Exercise objective
Repeat word for word the lines from the one containing "Легкие брюки из" to the end of the material below, and leave all pictures out.

Information shown
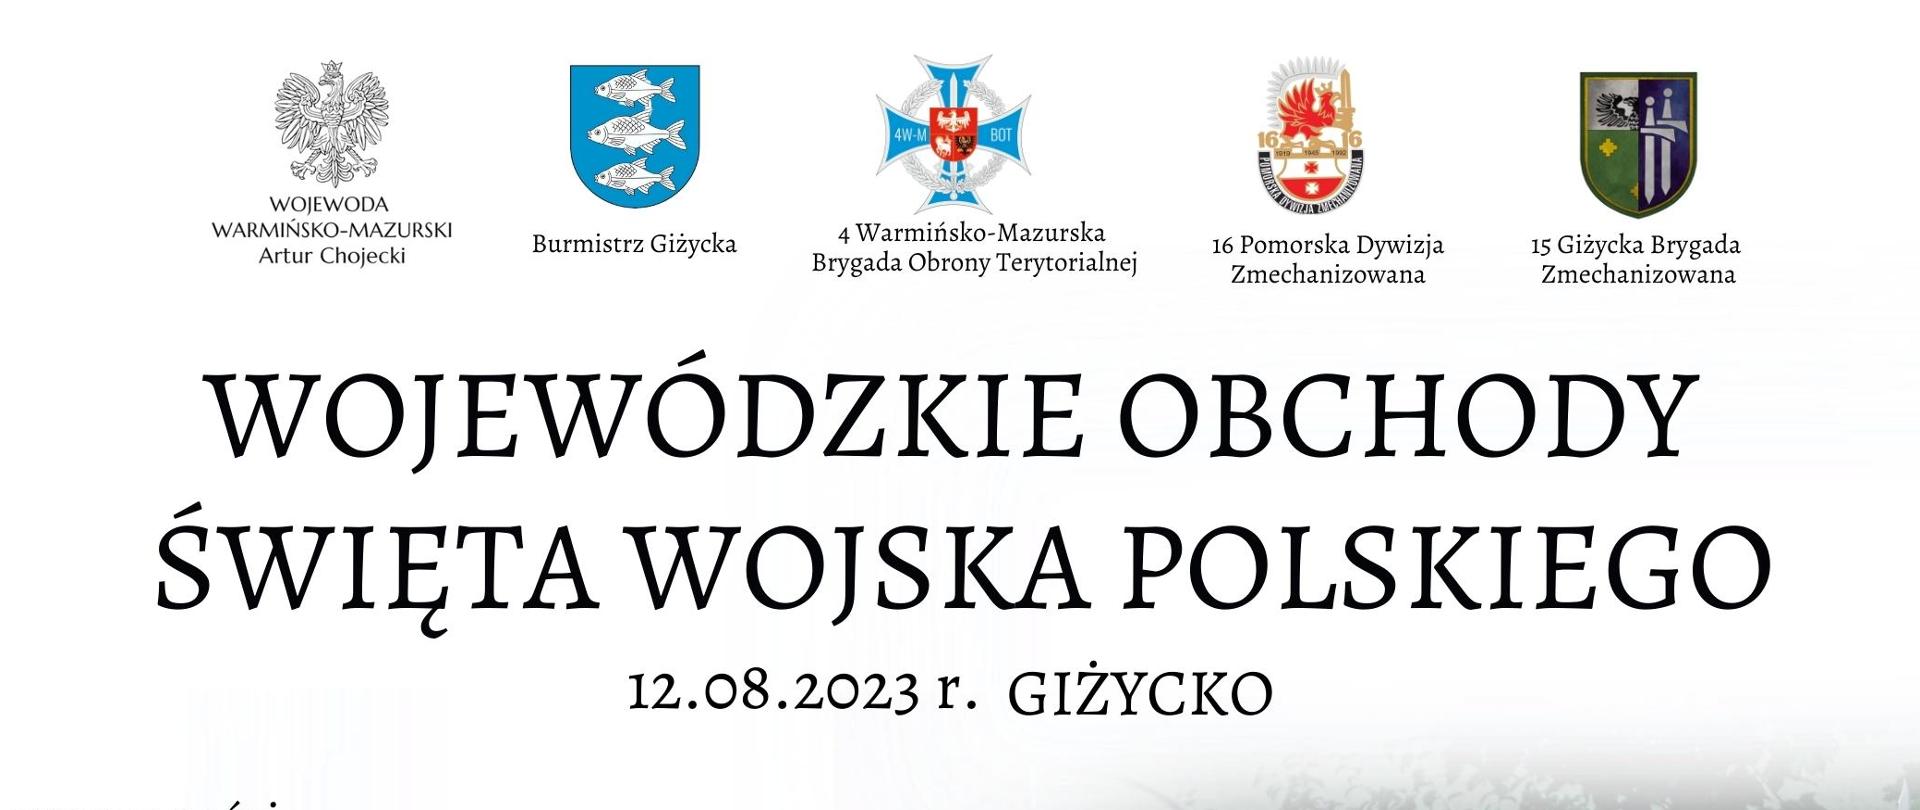 Wojewódzkie Obchody Święta Wojska Polskiego
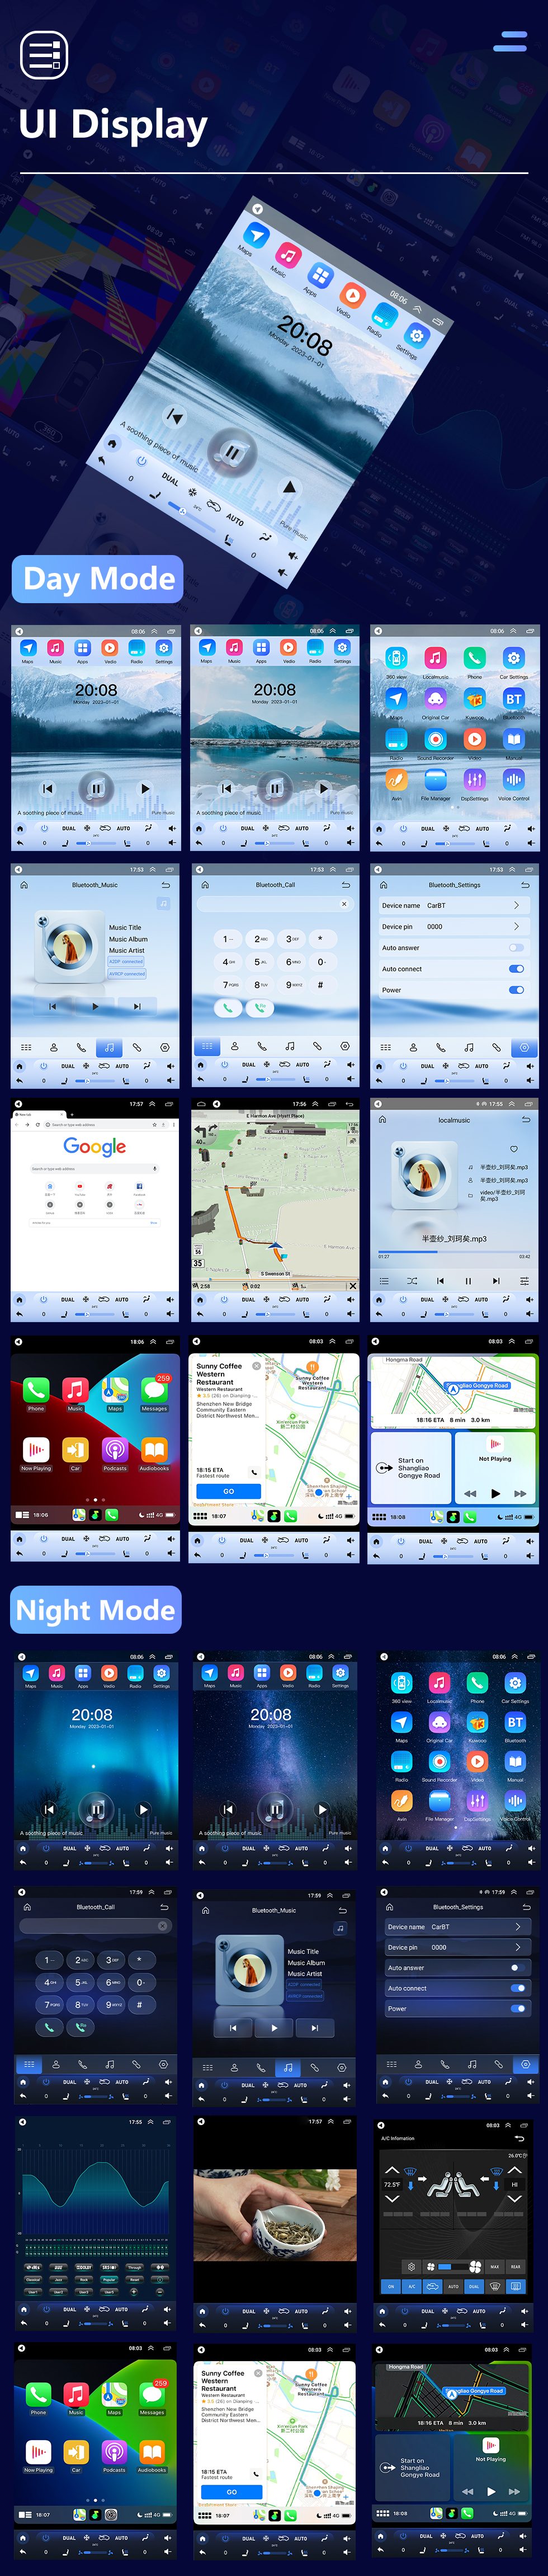 Seicane Android 10.0 9.7 polegadas para 2016 Chery Arrizo 5 Rádio com HD Touchscreen GPS Sistema de Navegação Suporte Bluetooth Carplay TPMS
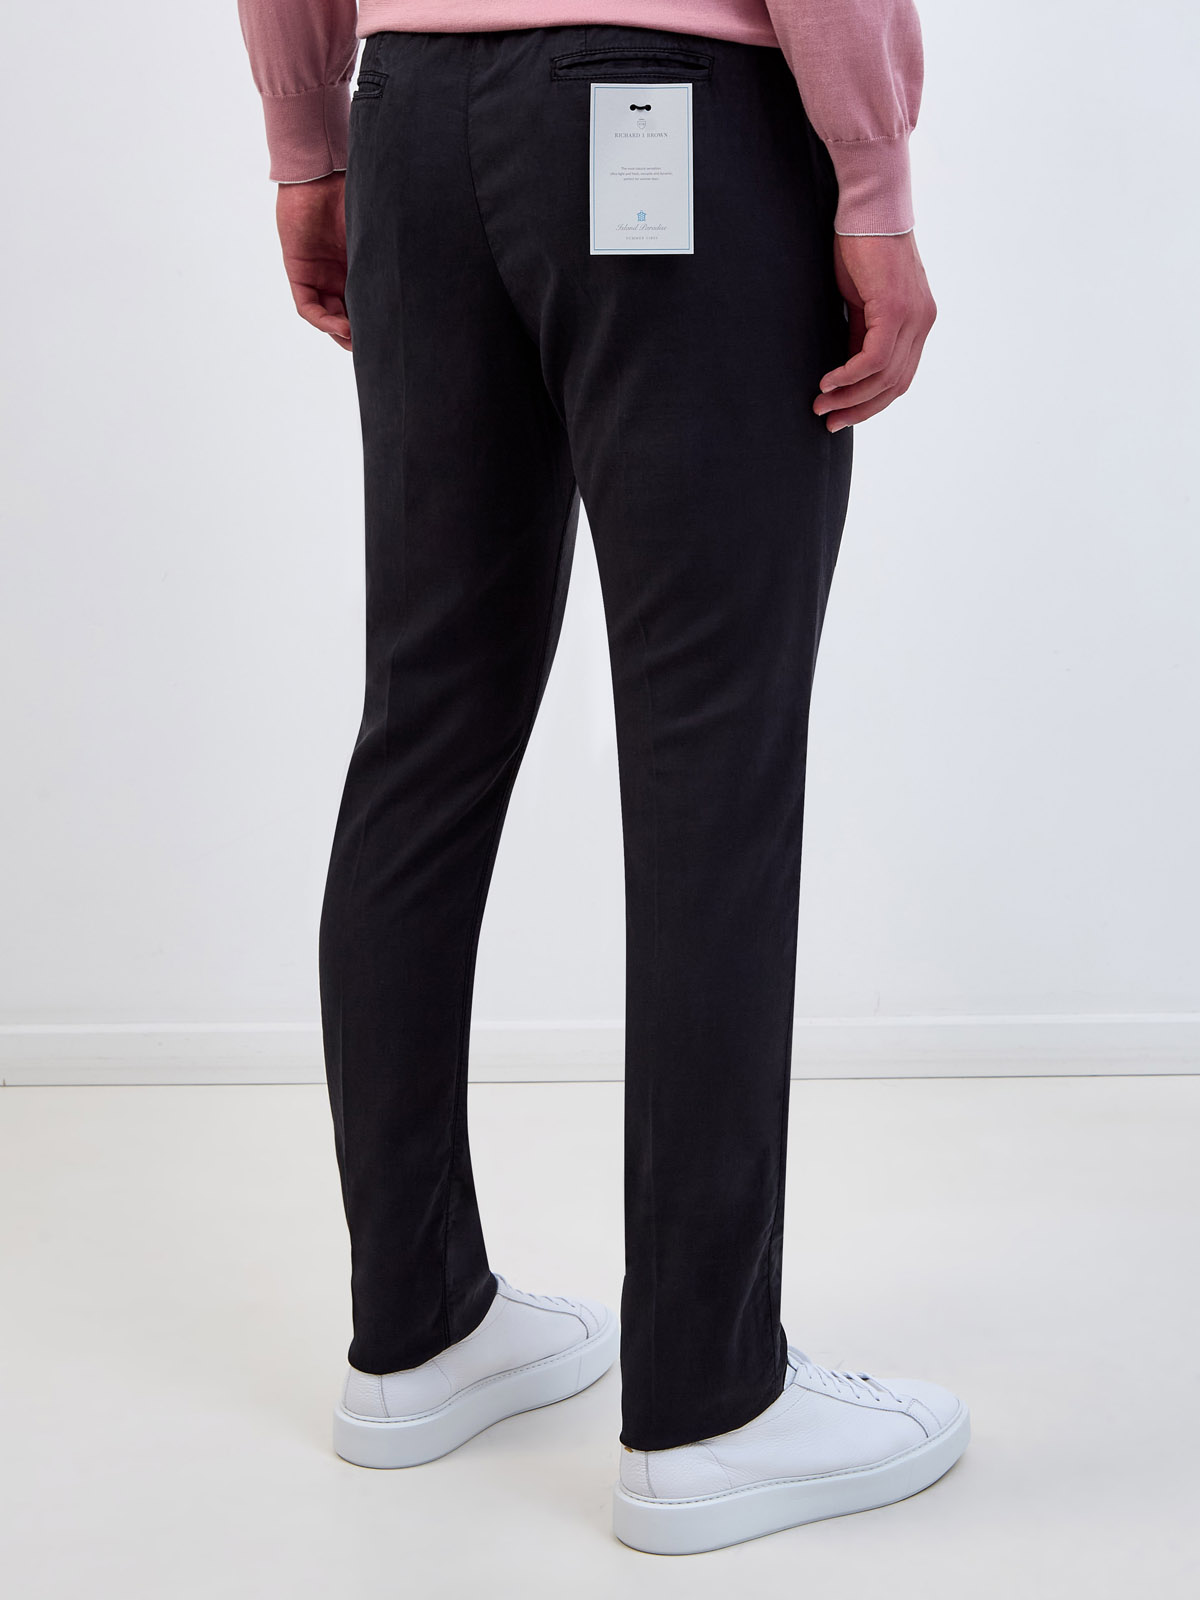 Легкие брюки из лиоцелла, хлопка и льна с поясом на кулиске RICHARD J. BROWN, цвет черный, размер 44;46;48;50;52;54;54;58 - фото 4
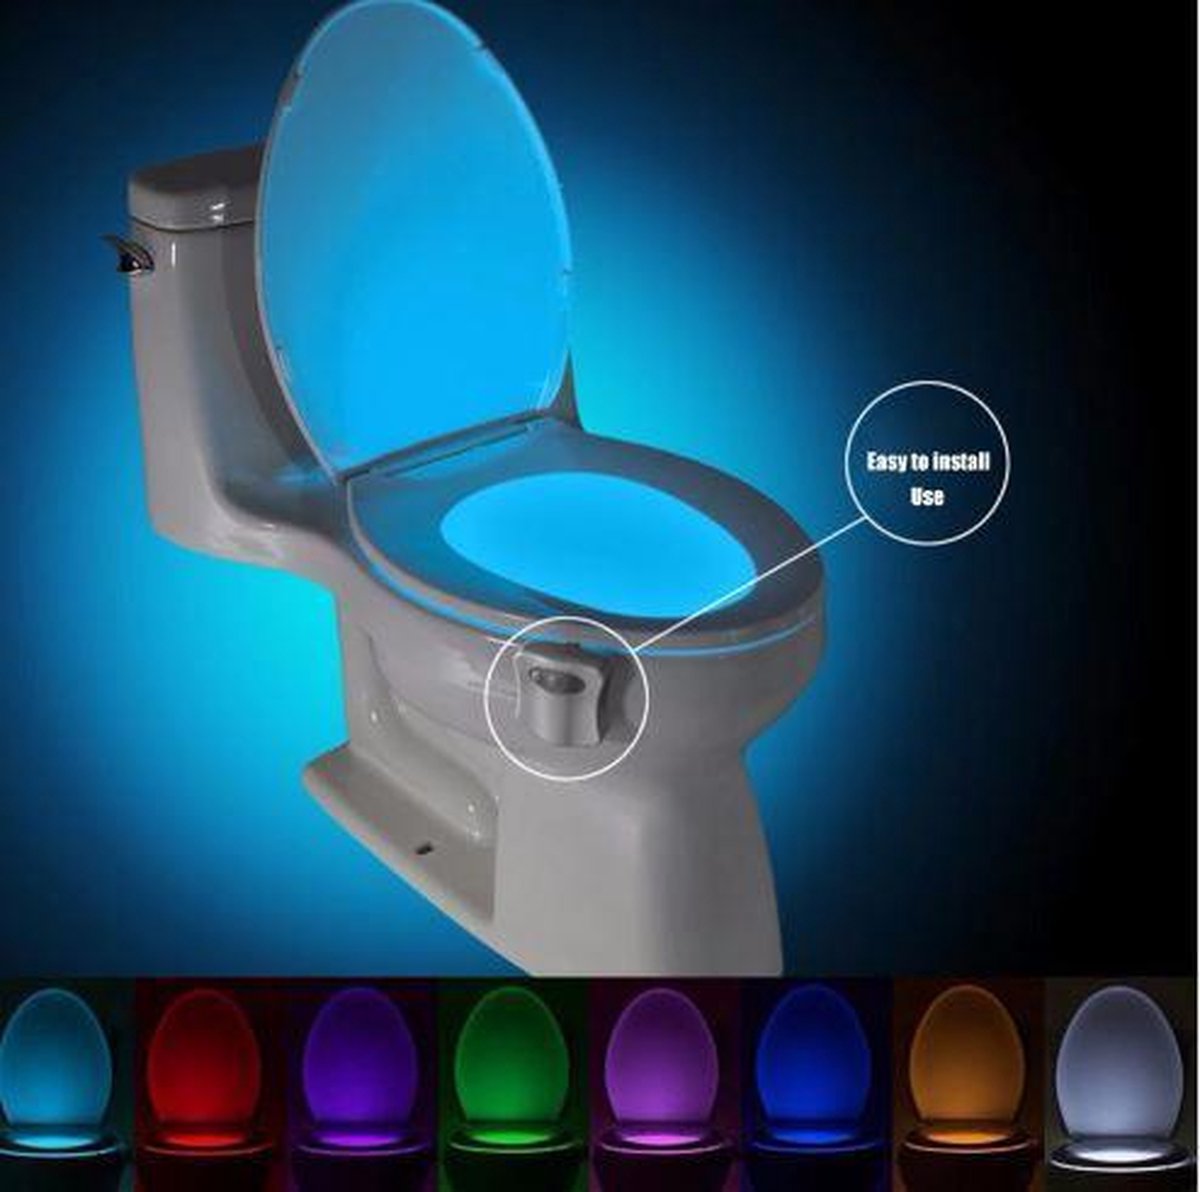 Voorschrijven Souvenir Steil Toiletpotverlichting | Automatisch Led licht voor de WC in 8 veranderende  kleuren | bol.com

Written answer
 Легкие брюки из лиоцелла, хлопка и льна с поясом на кулиске RICHARD J. BROWN, цвет черный, размер 44;46;48;50;52;54;54;58 - фото 4
 Voorschrijven Souvenir Steil Toiletpotverlichting | Automatisch Led licht voor de WC in 8 veranderende  kleuren | bol.com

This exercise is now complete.